A Joint Distribution specifies the probability of every possible combination of values for two or more random variables simultaneously. For discrete variables $X$ and $Y$, it is given by the joint PMF $p(x, y) = P(X = x, Y = y)$; for continuous variables, by the joint PDF $f(x, y)$. The joint distribution encodes everything there is to know about the relationship between the variables: their individual behaviours, dependencies, and conditional structure.

From a joint distribution one can recover the marginal distribution of each variable by summing or integrating out the others: $p(x) = \sum_y p(x, y)$ or $f(x) = \int f(x, y),dy$. This operation, called marginalisation, is one of the two fundamental operations of probabilistic inference (the other being conditioning). It is central to Bayesian model selection, belief propagation in graphical models, and variational inference.

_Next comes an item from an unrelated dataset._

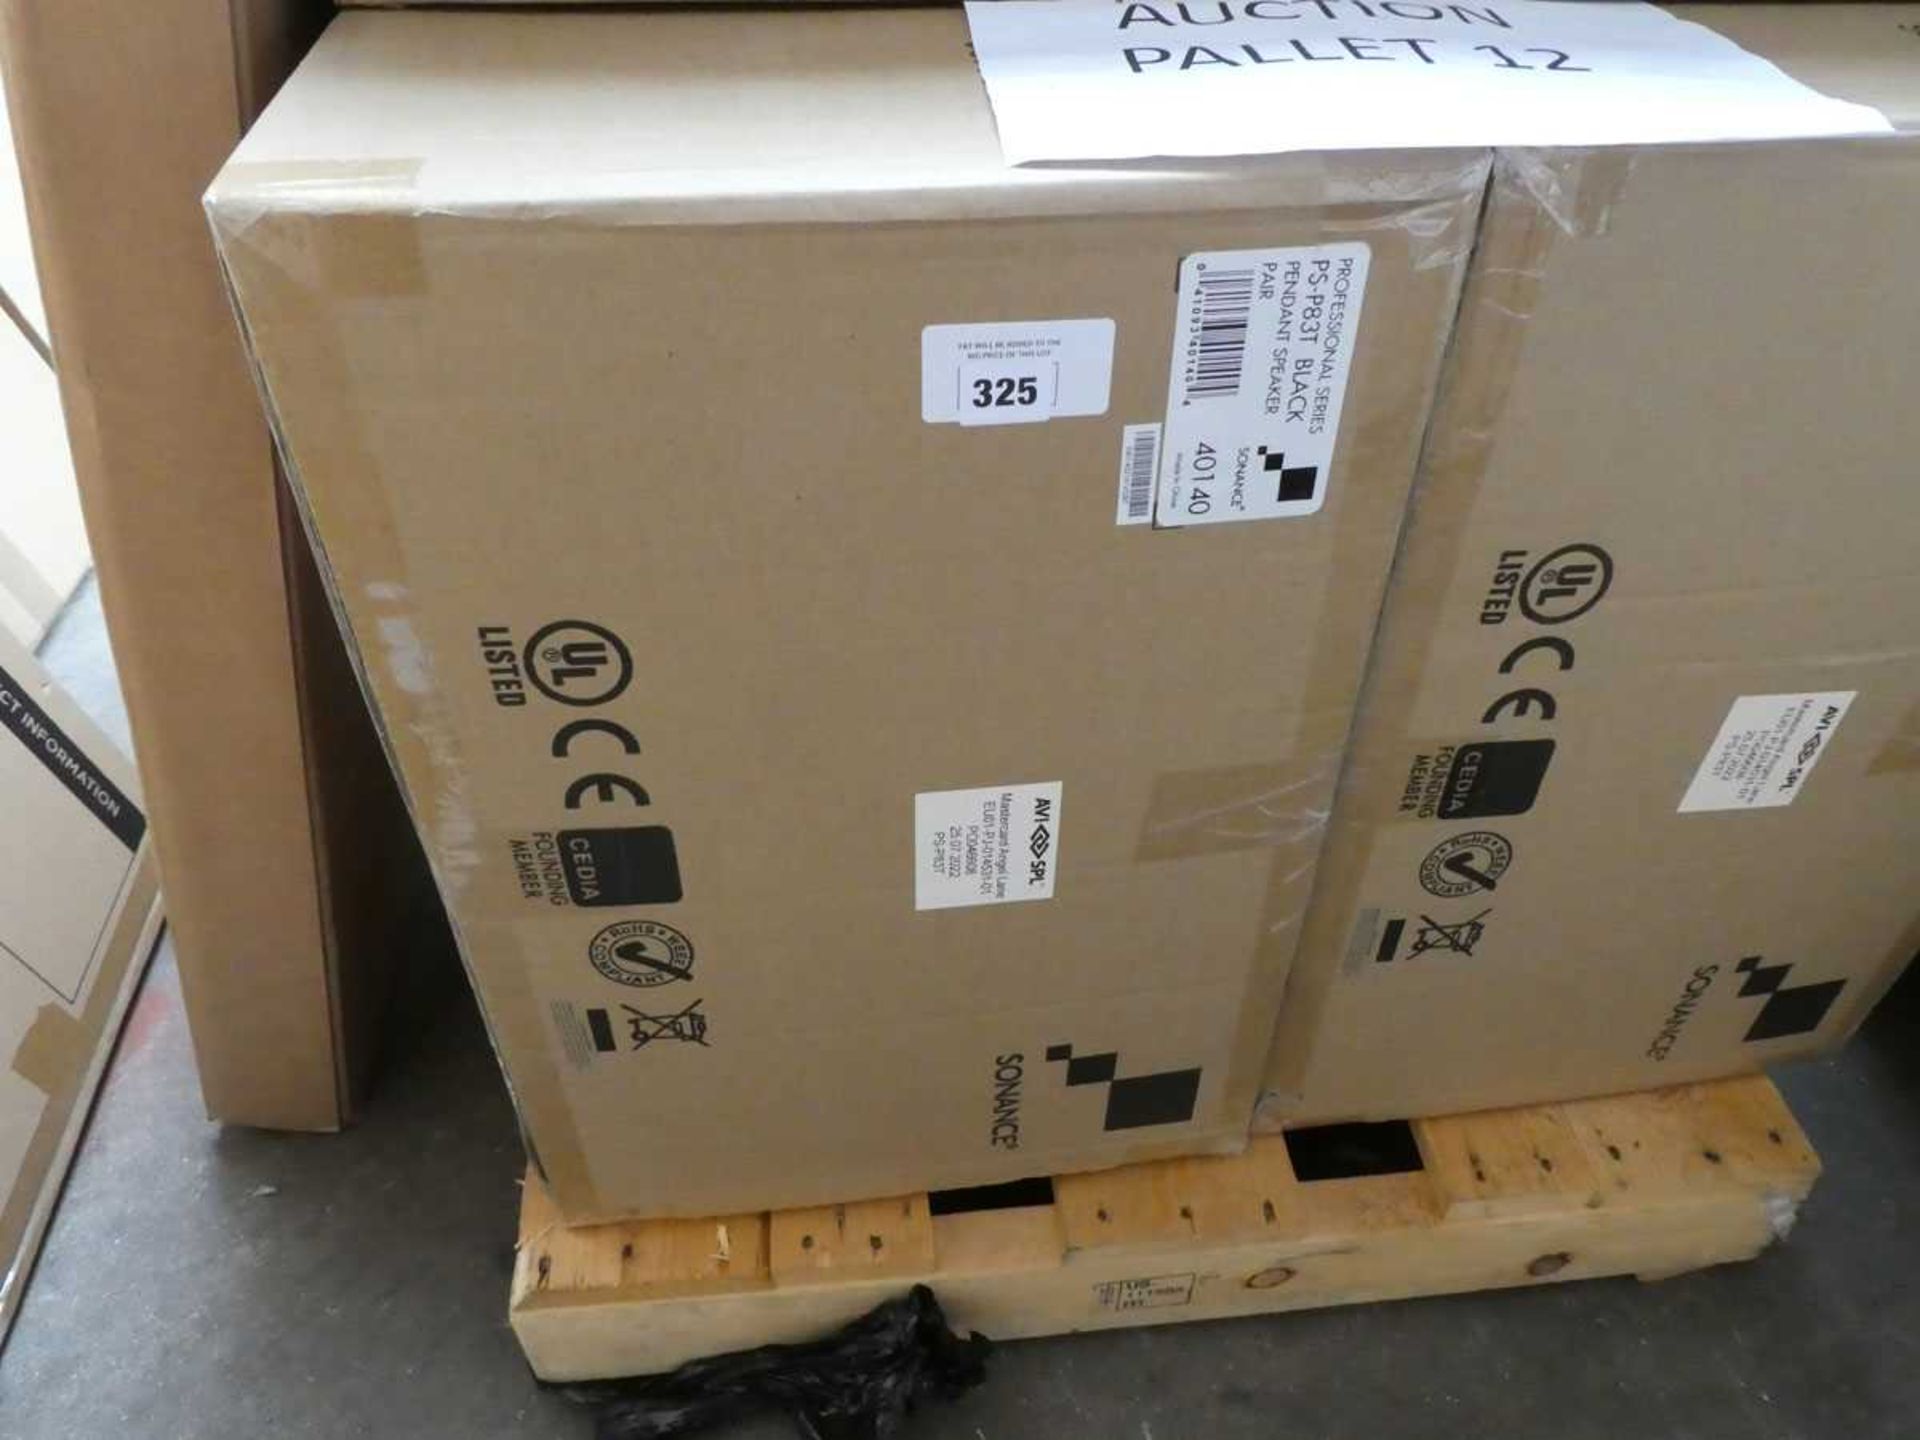 +VAT Boxed pair of Sonance Professional Series PSP83Tblk pendant speakers - Image 2 of 2

Joint distributions over high-dimensional random vectors quickly become intractable if treated explicitly—$K$ binary variables have $2^K$ joint states. Graphical models make joint distributions tractable by encoding conditional independence assumptions through graph structure. A Bayesian network factorises the joint as $p(x_1, \ldots, x_n) = \prod_i p(x_i \mid \text{parents}(x_i))$, dramatically reducing the number of parameters. Modern autoregressive models, including large language models, use the chain rule of probability to factorise joint distributions over token sequences.